Many corporations collect information, put fancy dashboards in front of it, and think that business process reengineering happens: voila! It doesn’t, which both the data analyst and the end user find frustrating. 

Data is complicated; many firms have tons of information at their disposal and get lost in the processes of collecting it and then digging into it. But data is only one piece in a bigger puzzle. 

To leverage it for competitive gain, data has to be quickly consolidated and include the context needed for interpretation. Data analysts and business users can then determine what the data represents and how to use the information to improve the business. But that’s also where problems arise.

The problem: Two distinct data views  

The data analyst looks at the issue from a data lens. They are comfortable dabbling with Structured Query Language (SQL) but may get lost in business jargon. When a request arrives, they take it literally and focus on extending the range of data sources, tweaking the user interface, or increasing the fields on the screen. Those are helpful steps but may not result in business-altering insights.

Compounding the problem, analysts, like most employees nowadays, are pulled in many directions and rush from request to request. They worry about letting business users run wild with data. After all, data analysts do not have the bandwidth to produce all the reports or to check every conclusion drawn from the data and their work backlog is always growing, but they’re often held responsible for how data is used, not just how it’s obtained.

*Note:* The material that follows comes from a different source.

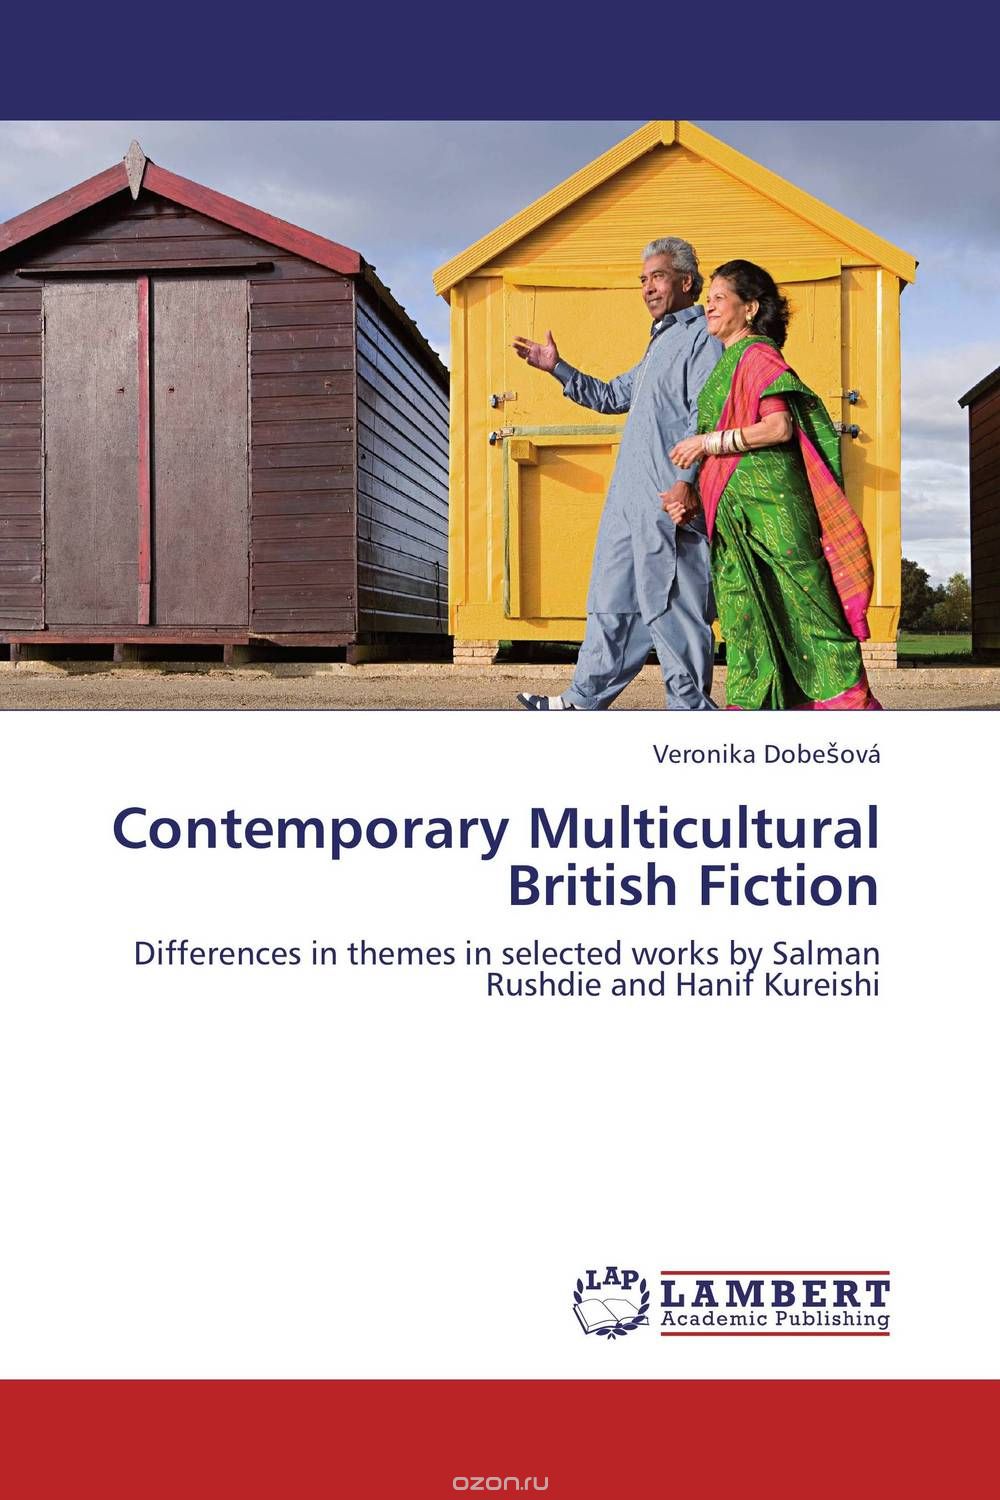 Скачать книгу "Contemporary Multicultural British Fiction"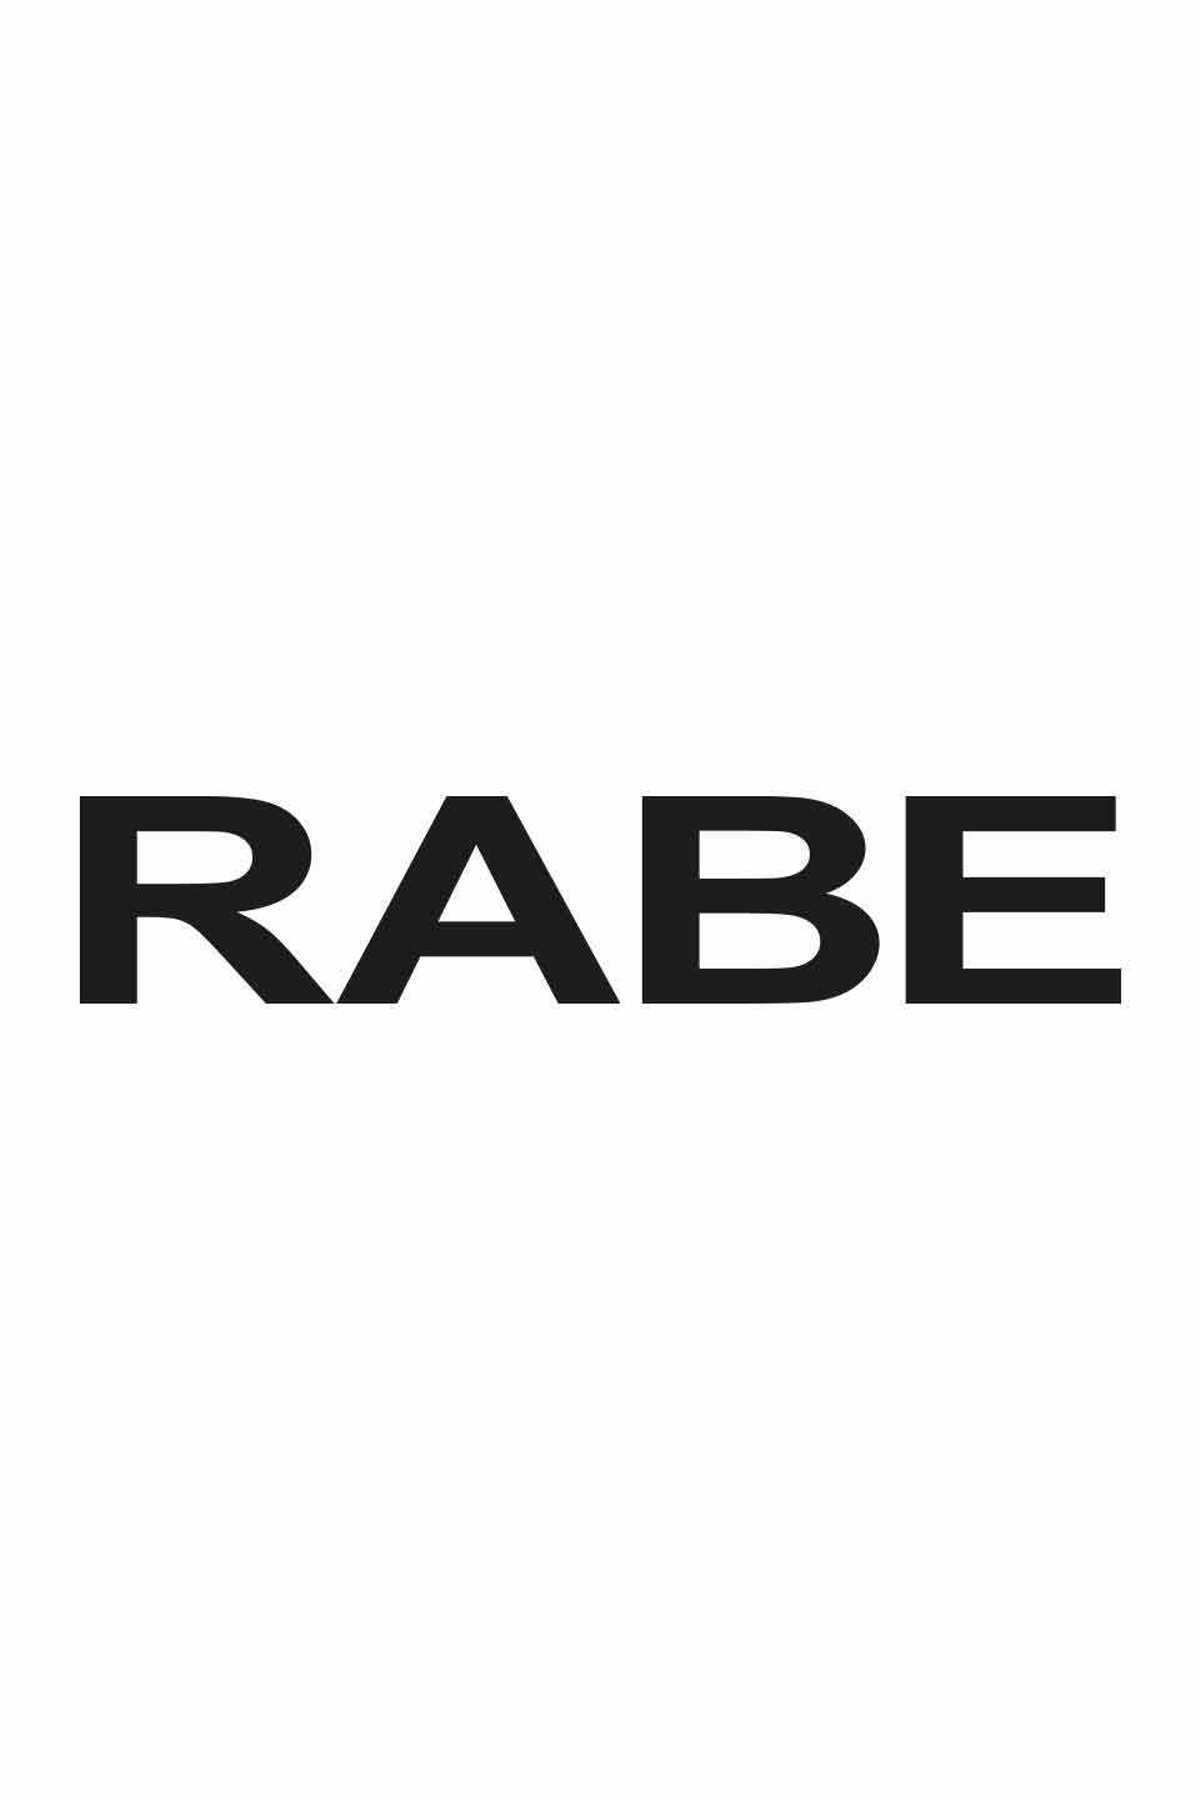 Rabe | Mode + Schuh Kämpf - Markenmode und Schuhe

On the other side, users think data integration is simple. They expect information to be available in the snap of a finger, even though they may not clearly articulate to the data analyst what they want or why they need it. They tinker with information but do not fully comprehend what they see, and quickly draw conclusions, sometimes to an organization’s company’s detriment.

The solution: Add context to data  

How does a company fix the communication problem? Data analysts and business users need to get into sync. They must have a strong toolkit that delivers information in a consistent, context-rich manner, so they understand and agree about where data came from and what it represents. Only then can they correlate it and bring about change that positively impacts the enterprise.

Here are some of the key concepts that can help data analysts and business users find common ground:

Defining a data model 

They might start off by talking about data models and their importance. Data models conceptually represent data objects and illustrate all of the associations among them. With them, Data Analysts build visual representations of data and use them to create, enhance, and enforce business rules.

By helping business users understand key data models, analysts benefit by illustrating the sheer complexity of the data work they do. On the flip side, when business users understand data models, they’re better able to help analysts troubleshoot report and dashboard creation, for example by distinguishing between a good source of data and a similarly-named dimension that’s less accurate. 

Ultimately, collaborating around a data model can create greater appreciation on both sides as analysts better understand business users’ needs and as business users start to grasp just how complex their data really is.

Why Data Lineage Matters

Data is constantly massaged as companies update their applications and create new data sources. Data lineage tracks data origins and how they change over time. 

Such records are important because departments use data in different ways at various times. The marketing department focuses on customers’ demographic information as it plans its next lead generation event while sales is interested in their purchase history as they try to close deals to meet their monthly quota. 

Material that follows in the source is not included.